[[ Dataset excerpt, beginning ]]

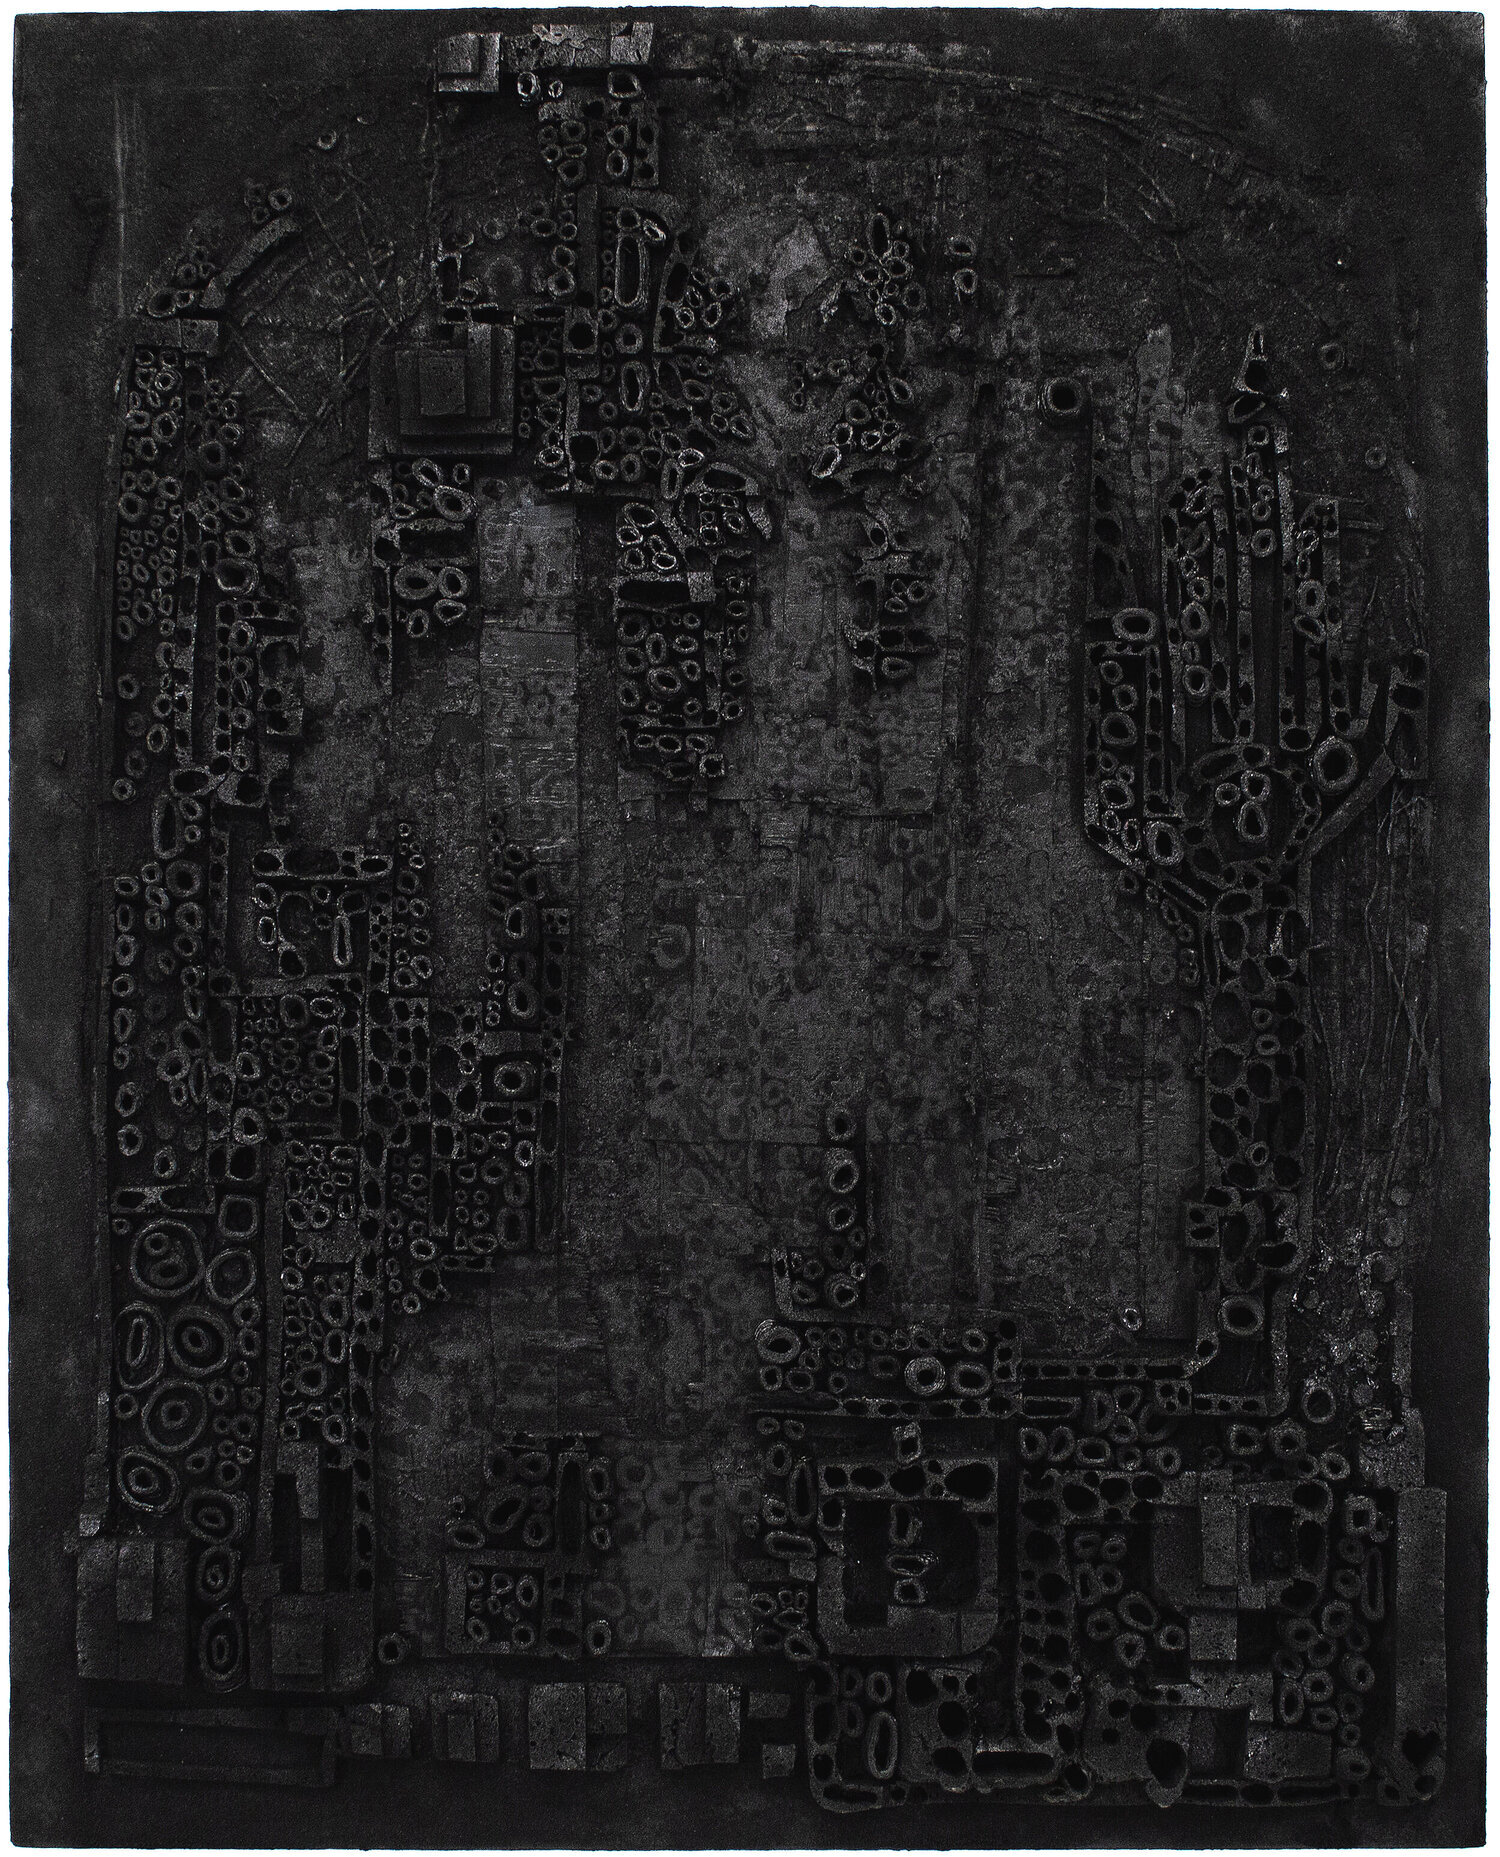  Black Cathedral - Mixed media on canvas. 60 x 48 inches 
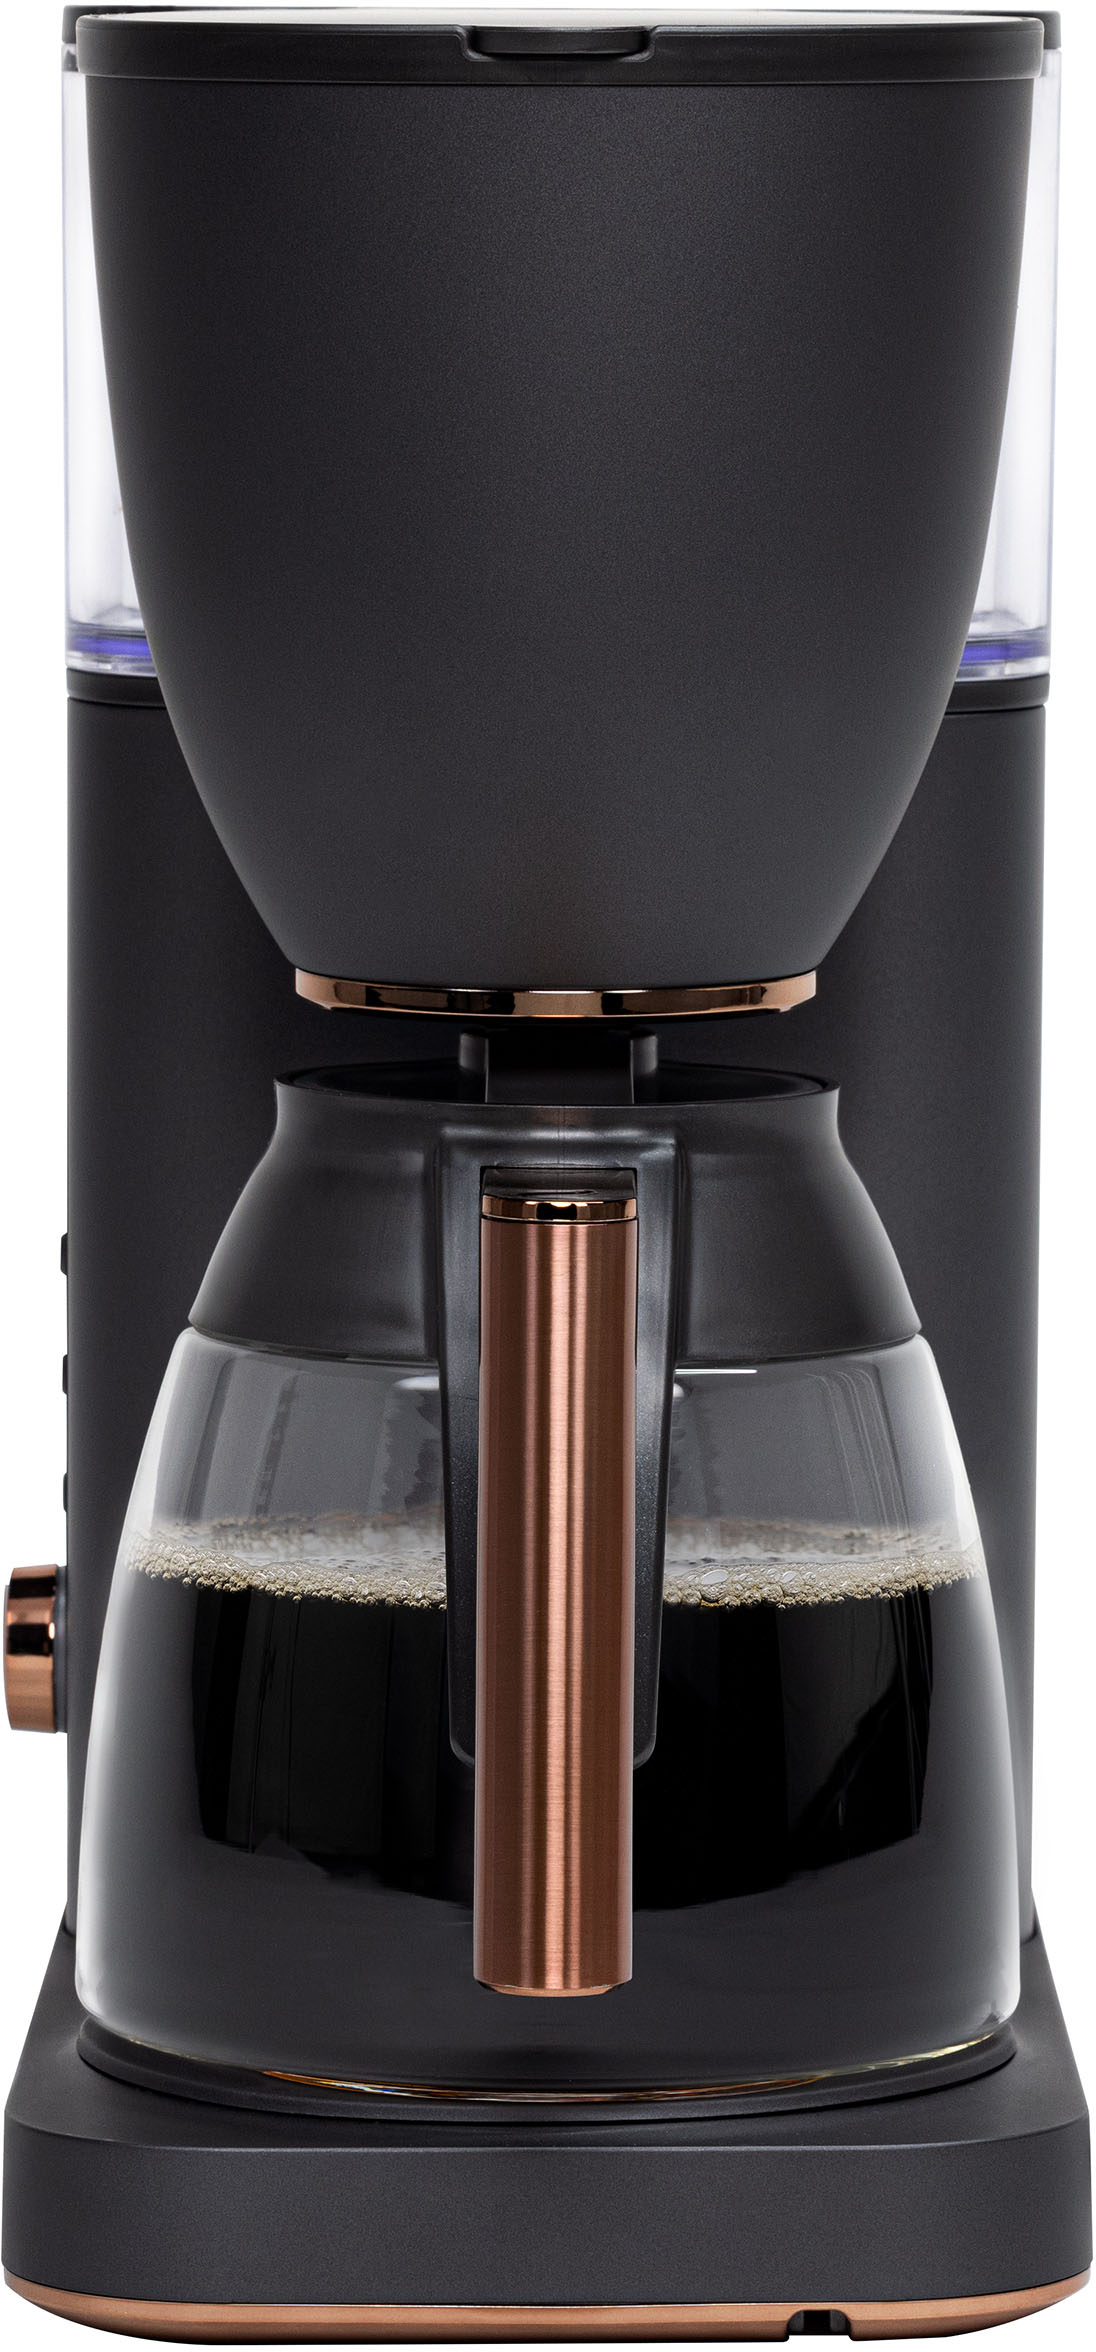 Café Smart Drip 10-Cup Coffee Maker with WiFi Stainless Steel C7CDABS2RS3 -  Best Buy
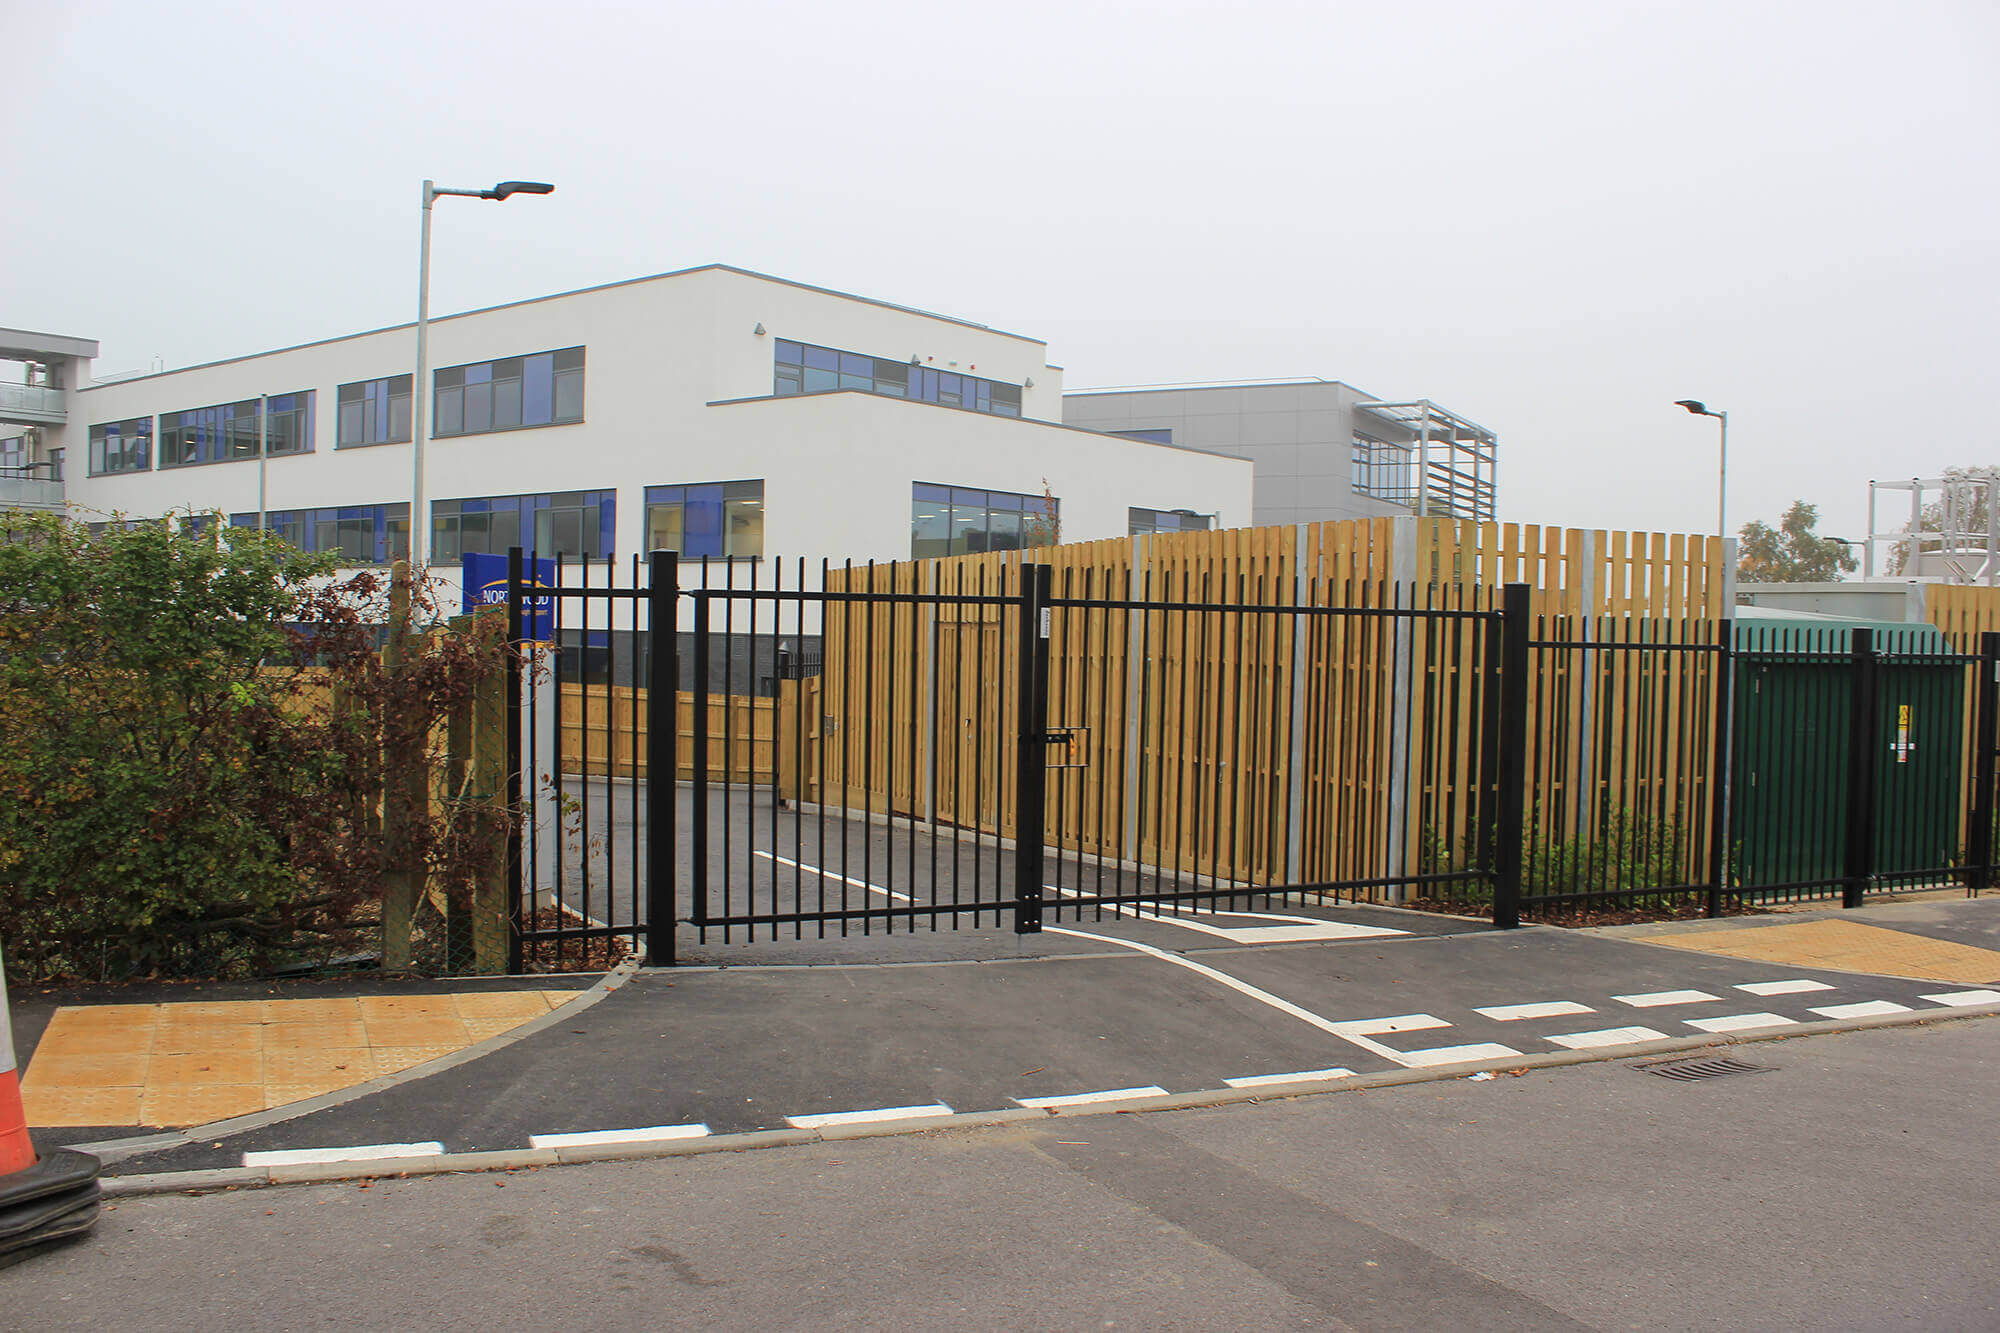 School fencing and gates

[[ Dataset excerpt, end ]]

Could the material above be given again in full and exactly, with its pictures left out?

  Black Cathedral - Mixed media on canvas. 60 x 48 inches 
 Café Smart Drip 10-Cup Coffee Maker with WiFi Stainless Steel C7CDABS2RS3 -  Best Buy
 School fencing and gates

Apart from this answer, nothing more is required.